The framework handles the rest. Event persistence, command routing, event distribution, snapshot storage, idempotency, and saga state management run within Angzarr's Rust core. Your business logic receives commands with full event history and emits events. Side effects stay on one side of the gRPC boundary.
The Book Metaphor
Angzarr models event-sourced aggregates as books. An EventBook contains the complete history of an aggregate root: its identity (the Cover), an optional Snapshot for efficient replay, and ordered EventPages representing individual domain events.
This metaphor provides intuitive semantics: you read a book to understand its history, append pages as events occur, and bookmark your place with snapshots.
// Core identity: domain + aggregate root + workflow correlation
message Cover {
string domain = 2;
UUID root = 1;
string correlation_id = 3; // Workflow correlation - flows through all commands/events
}
// Individual event with sequence number and timestamp
message EventPage {
oneof sequence {
uint32 num = 1; // Normal sequenced event
bool force = 2; // Force-write (conflict resolution)
}
google.protobuf.Timestamp created_at = 3;
google.protobuf.Any event = 4;
}
// Point-in-time aggregate state for replay optimization
message Snapshot {
uint32 sequence = 2;
google.protobuf.Any state = 3;
}
// Complete aggregate history
message EventBook {
Cover cover = 1;
Snapshot snapshot = 2;
repeated EventPage pages = 3;
google.protobuf.Any snapshot_state = 5; // business logic sets this
}
Commands follow the same pattern—a CommandBook contains one or more CommandPages targeting a single aggregate:
message CommandPage {
uint32 sequence = 1;
google.protobuf.Any command = 3;
}
message CommandBook {
Cover cover = 1;
repeated CommandPage pages = 2;
SagaCommandOrigin saga_origin = 4; // Tracks origin for compensation flow
}
Schema-First Development
Domain events and commands are defined in your own .proto files. Angzarr's protocol uses google.protobuf.Any to wrap these domain-specific messages, maintaining type information while keeping the framework protocol stable.
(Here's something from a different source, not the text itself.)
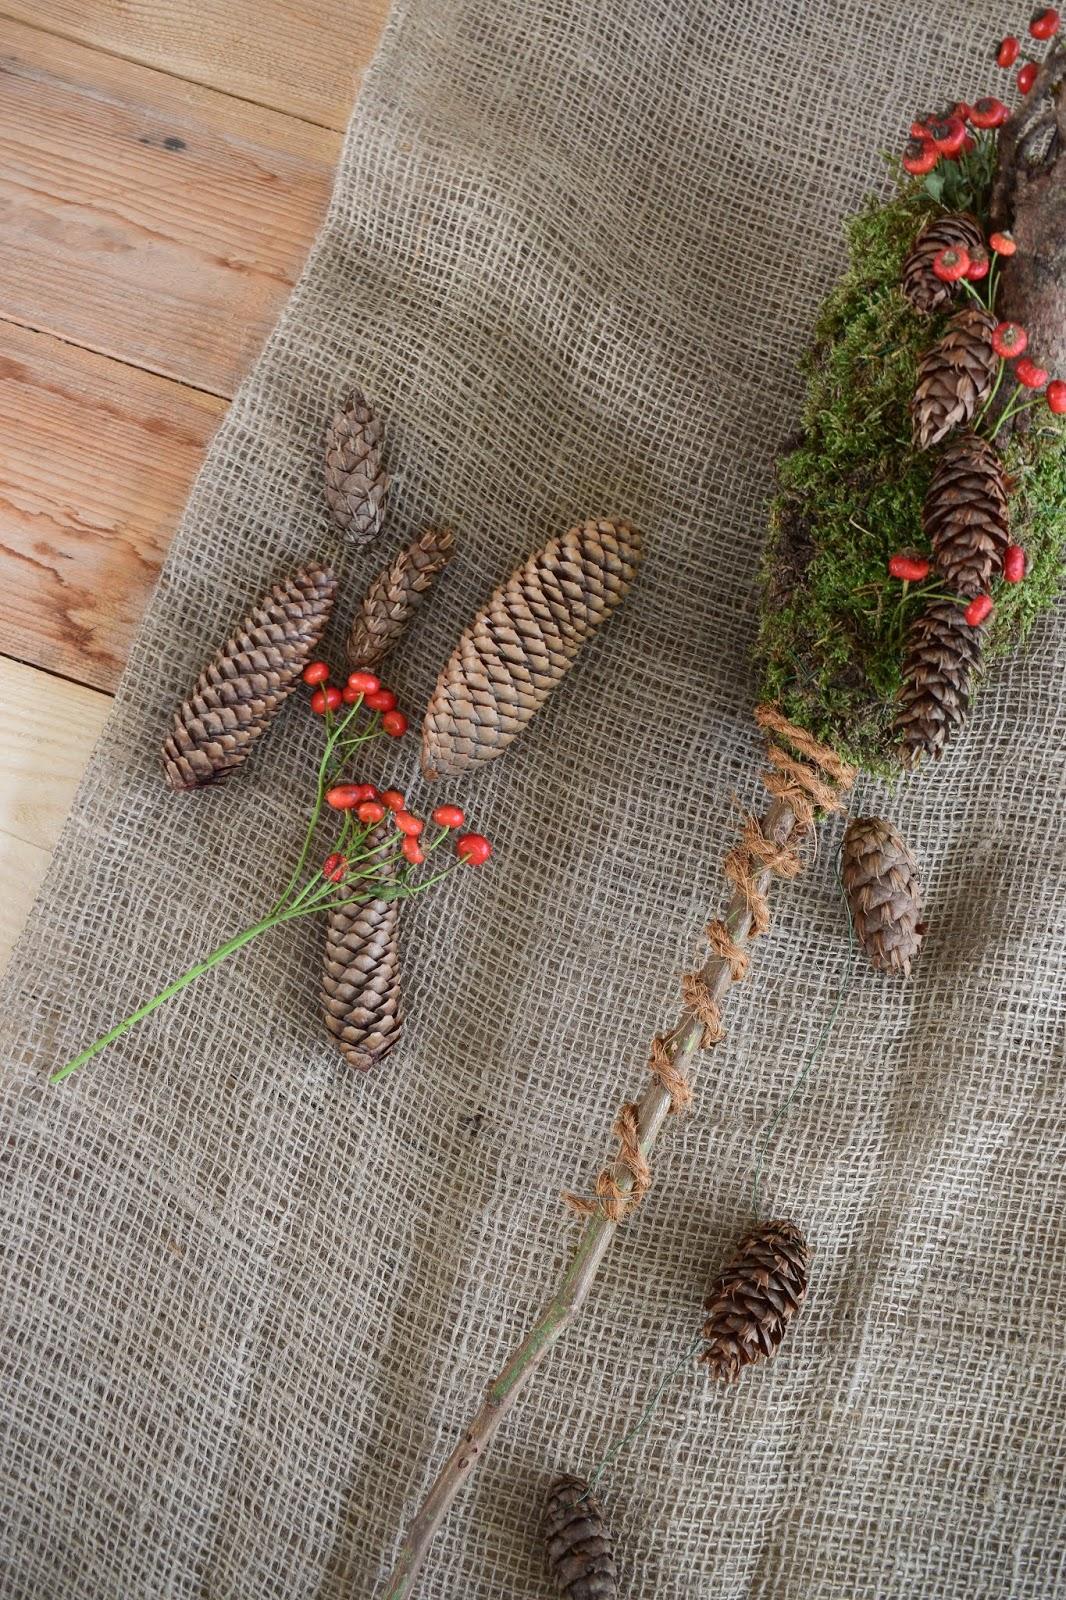 DIY Dekoidee Winter Workshop Kreativ Natuerlich Ideenreich: Gartenstab Dekostab Winterdeko Moosdeko selber machen

// domain/inventory.proto — your domain schema
syntax = "proto3";
package inventory;
// Commands
message CreateProduct {
string sku = 1;
string name = 2;
int32 initial_quantity = 3;
}
message AdjustInventory {
int32 quantity_delta = 1;
string reason = 2;
}
// Events
message ProductCreated {
string sku = 1;
string name = 2;
int32 initial_quantity = 3;
google.protobuf.Timestamp created_at = 4;
}
message InventoryAdjusted {
int32 previous_quantity = 1;
int32 new_quantity = 2;
int32 delta = 3;
string reason = 4;
}
// Snapshot state
message ProductState {
string sku = 1;
string name = 2;
int32 current_quantity = 3;
}
Business logic implements the BusinessLogic service interface. The framework delivers a ContextualCommand—the aggregate's EventBook (snapshot + subsequent events) bundled with the CommandBook—and receives an EventBook containing the resulting events:
// Framework protocol — implemented by your aggregate
message ContextualCommand {
EventBook events = 1; // Current state: snapshot + events since
CommandBook command = 2; // Command(s) to process
}
service BusinessLogic {
rpc Handle(ContextualCommand) returns (EventBook);
}
Your aggregate implementation unpacks the Any-wrapped messages, applies domain logic, and returns events:
// Example: Go aggregate implementation
func (s *ProductAggregate) Handle(ctx context.Context, cmd *angzarr.ContextualCommand) (*angzarr.EventBook, error) {
// Hydrate state from snapshot + events
state := s.rehydrate(cmd.Events)
// Process each command
var newPages []*angzarr.EventPage
for _, page := range cmd.Command.Pages {
events, err := s.processCommand(state, page.Command)
if err != nil {
return nil, err
}
newPages = append(newPages, events...)
}
return &angzarr.EventBook{
Cover: cmd.Events.Cover,
Pages: newPages,
}, nil
}
func (s *ProductAggregate) processCommand(state *ProductState, cmd *anypb.Any) ([]*angzarr.EventPage, error) {
switch cmd.TypeUrl {
case "type.googleapis.com/inventory.CreateProduct":
var create inventory.CreateProduct
if err := cmd.UnmarshalTo(&create); err != nil {
return nil, err
}
// Pure domain logic — no I/O, no framework coupling
if state != nil {
return nil, errors.New("product already exists")
}
return []*angzarr.EventPage, nil
case "type.googleapis.com/inventory.AdjustInventory":
// ... handle adjustment
}
return nil, errors.New("unknown command type")
}
Coordinator Pattern
Angzarr uses coordinators to route messages between external clients and your business logic services. This separation keeps your domain code focused on business rules while the framework handles:
- Event persistence and retrieval
- Optimistic concurrency via sequence numbers
- Snapshot management
- Event upcasting (schema evolution on read)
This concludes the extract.